Dans une déclaration annonçant le cessez-le-feu, M. Biden a déclaré qu'il reflétait les "contours précis" de la proposition qu'il avait faite le 31 mai 2024, et a salué la diplomatie américaine "persistante et prudente". "Ma diplomatie n'a jamais cessé de déployer des efforts pour atteindre cet objectif.
Dans son discours d'adieu de mercredi soir, il est allé encore plus loin : "Ce plan a été élaboré et négocié par mon équipe et sera largement mis en œuvre par l'administration entrante". a ajouté M. Biden.

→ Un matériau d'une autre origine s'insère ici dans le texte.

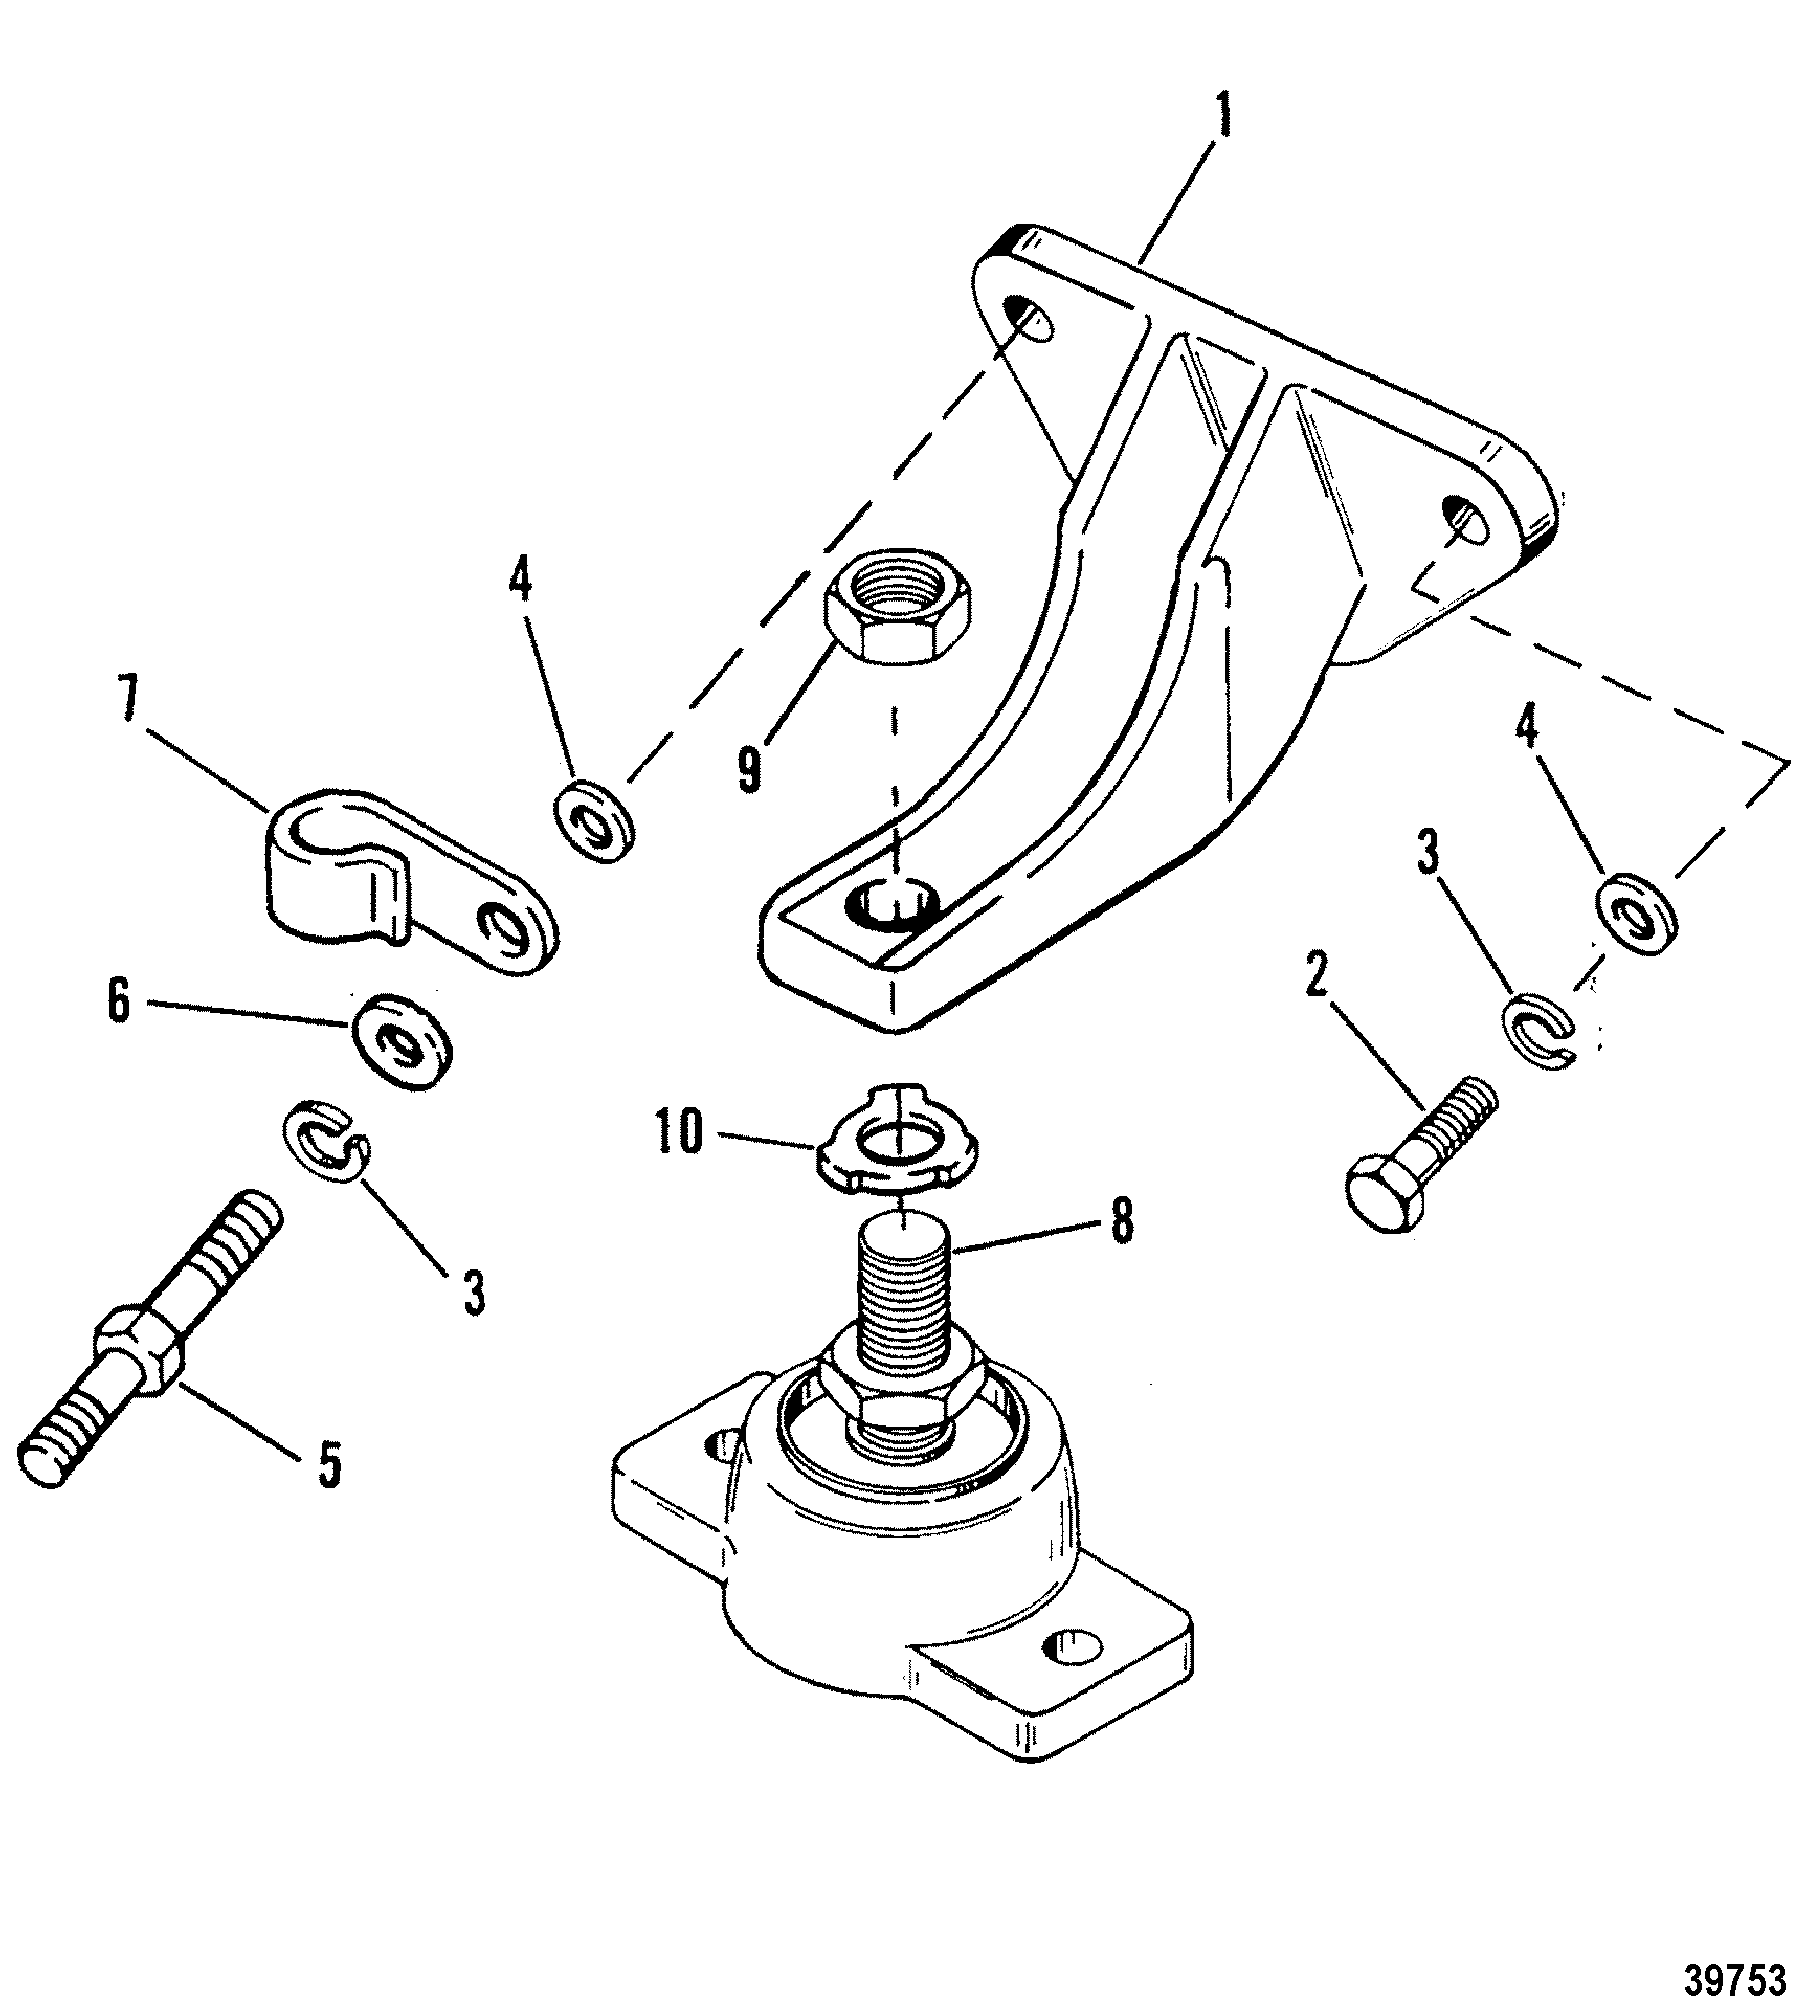 ENGINE MOUNTING(CAST BRACKET)

Lorsque l'un des journalistes a demandé qui, de lui ou de Trump, sera crédité de l'accord de cessez-le-feu qui était en préparation depuis des mois, M. Biden a souri et a répondu : "C'est une blague ?"
Mais Trump n'a pas tardé à s'attribuer sa part de mérite. "Cet accord de cessez-le-feu EPIC n'a pu voir le jour que grâce à notre victoire historique en novembre, car il a montré au monde entier que mon administration poursuivra la paix et négociera des accords qui garantissent la sécurité de tous les Américains et de nos alliés", a déclaré le président de la Commission européenne. a déclaré dans un message sur son réseau social Truth Social, faisant référence à sa victoire à l'élection présidentielle américaine.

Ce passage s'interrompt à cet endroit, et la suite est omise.